▸ DATA SECTION
+ + + +

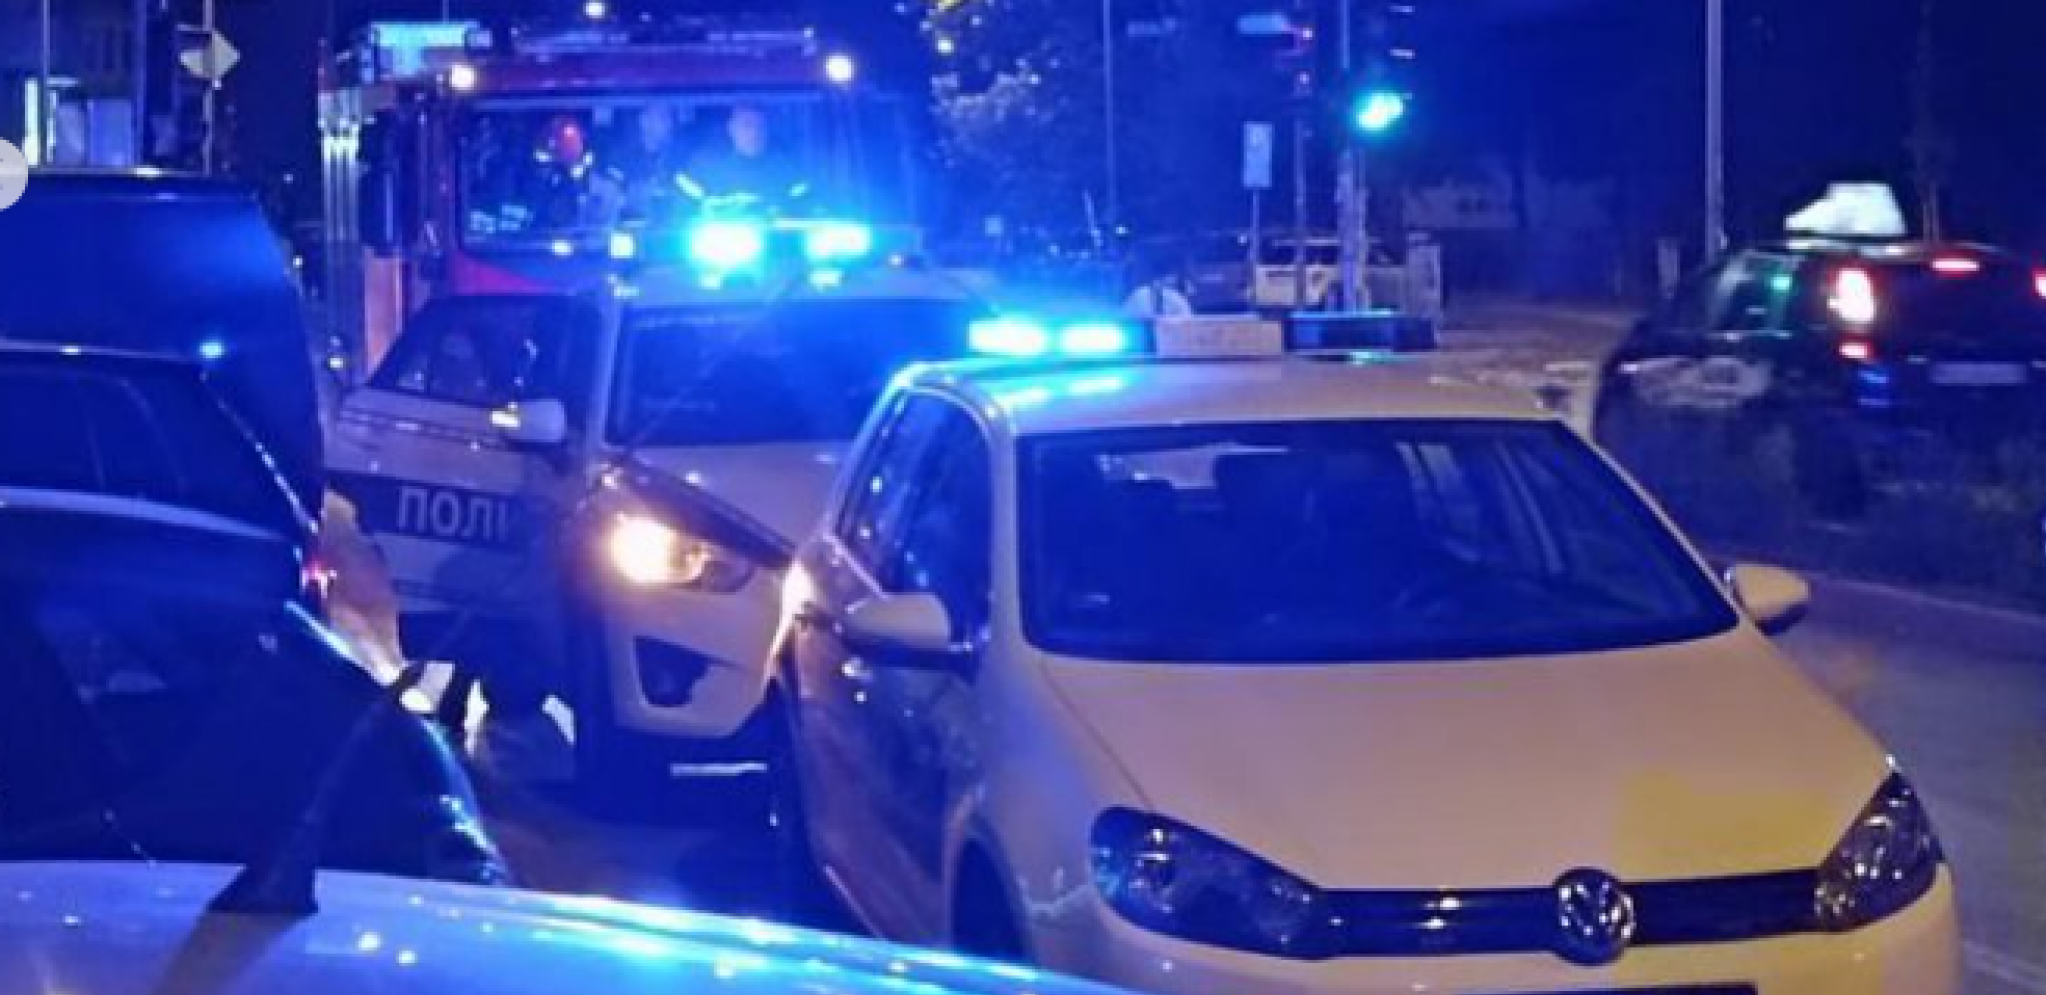 PALA GRUPA TINEJDŽERA OSUMNJIČENJA ZA KRAĐU KOLA Policija u Smederevu uhapsila najstrijeg člana
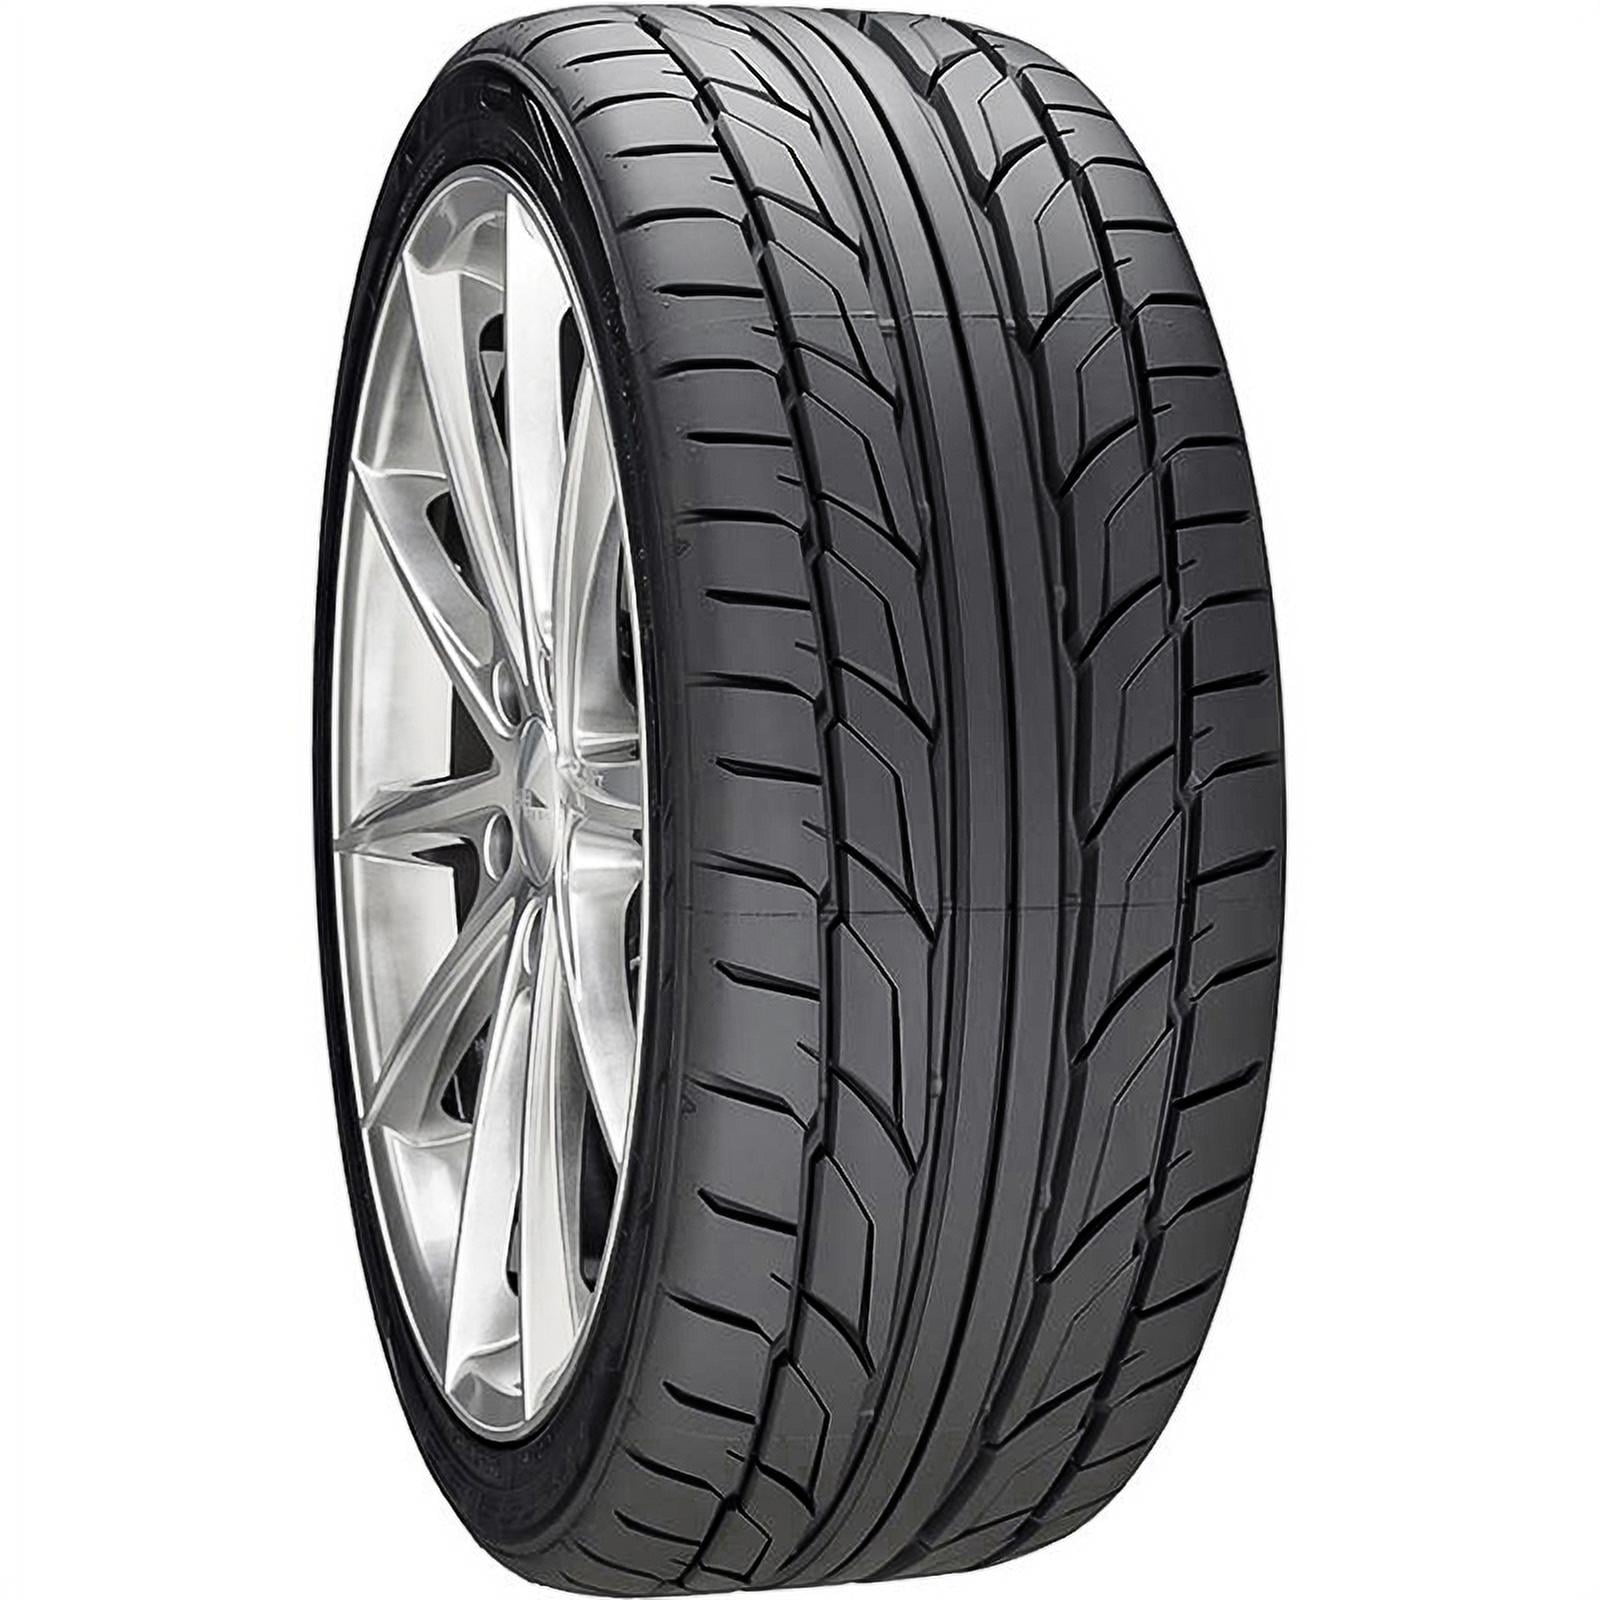 4-Nitto NT555 G2 225/40ZR18 R18 92W XL Tires 
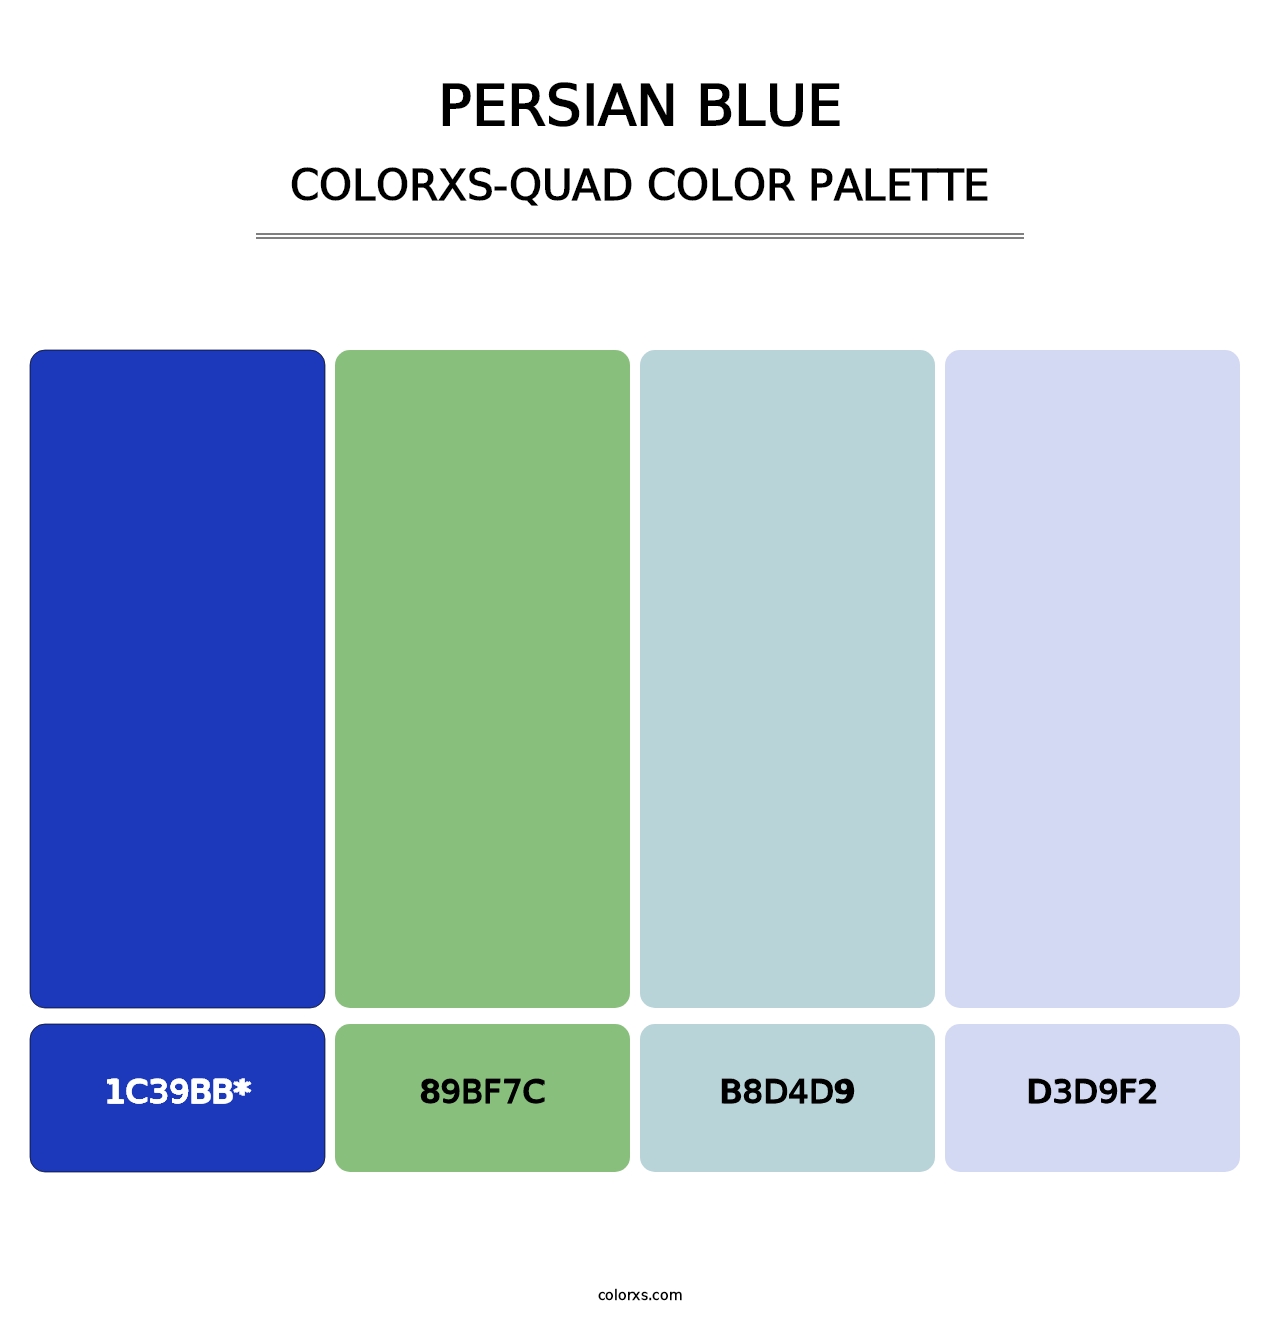 Persian Blue - Colorxs Quad Palette
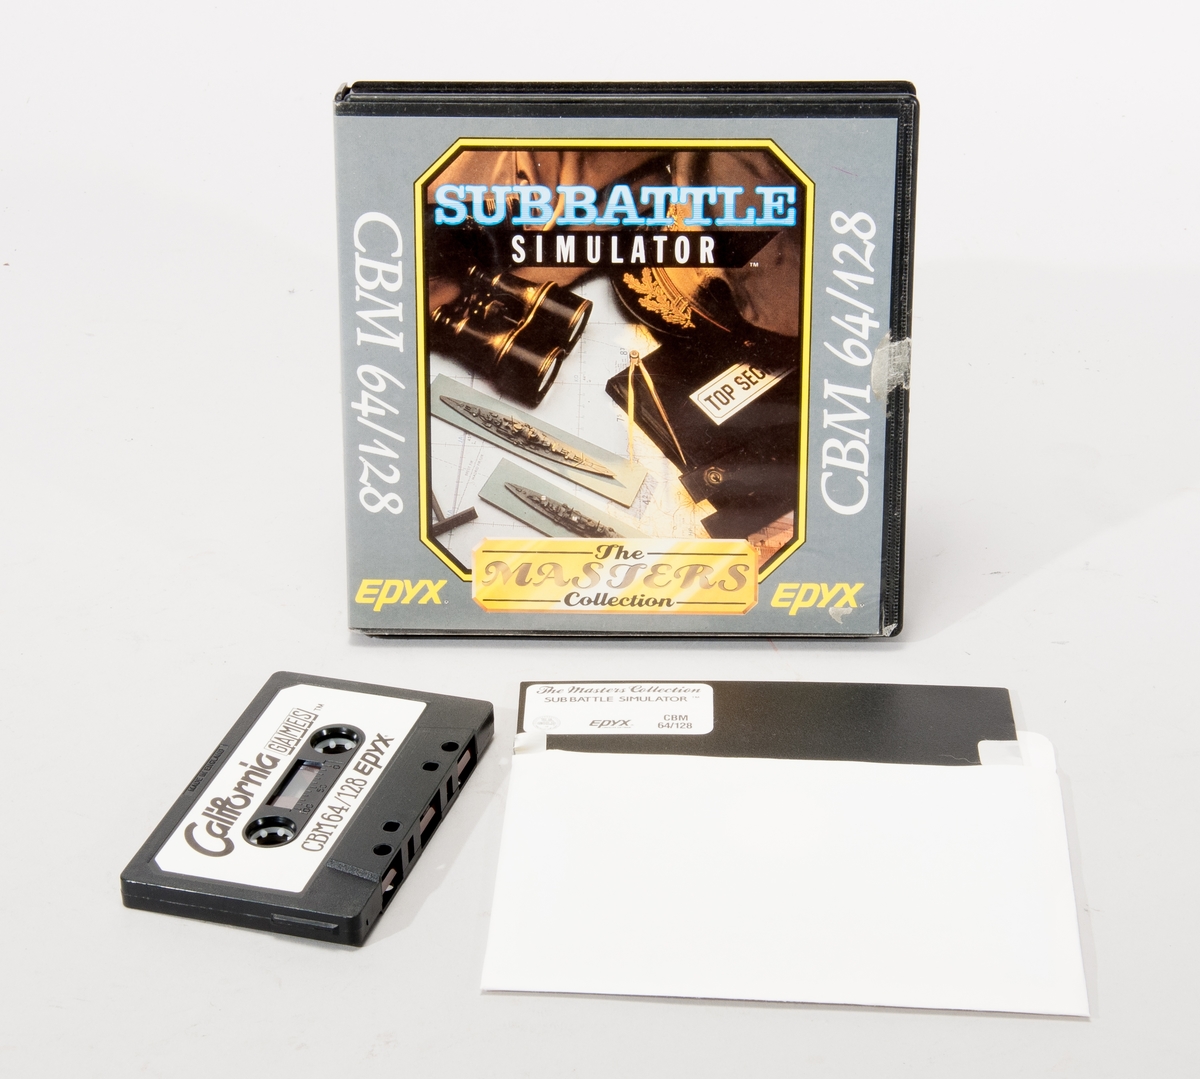 Datorspel för Commodore 64. Ubåtssimulator på en floppydisk och en kassett, i box av plast.

+ + + +

Quote, please, every line of the material above from its start through the line that has "Persian Blue - Colorxs Quad Palette", reproducing the words exactly and dropping any images.

▸ SOLUTION TO THIS EXERCISE
 PALA GRUPA TINEJDŽERA OSUMNJIČENJA ZA KRAĐU KOLA Policija u Smederevu uhapsila najstrijeg člana
 4-Nitto NT555 G2 225/40ZR18 R18 92W XL Tires 
 Persian Blue - Colorxs Quad Palette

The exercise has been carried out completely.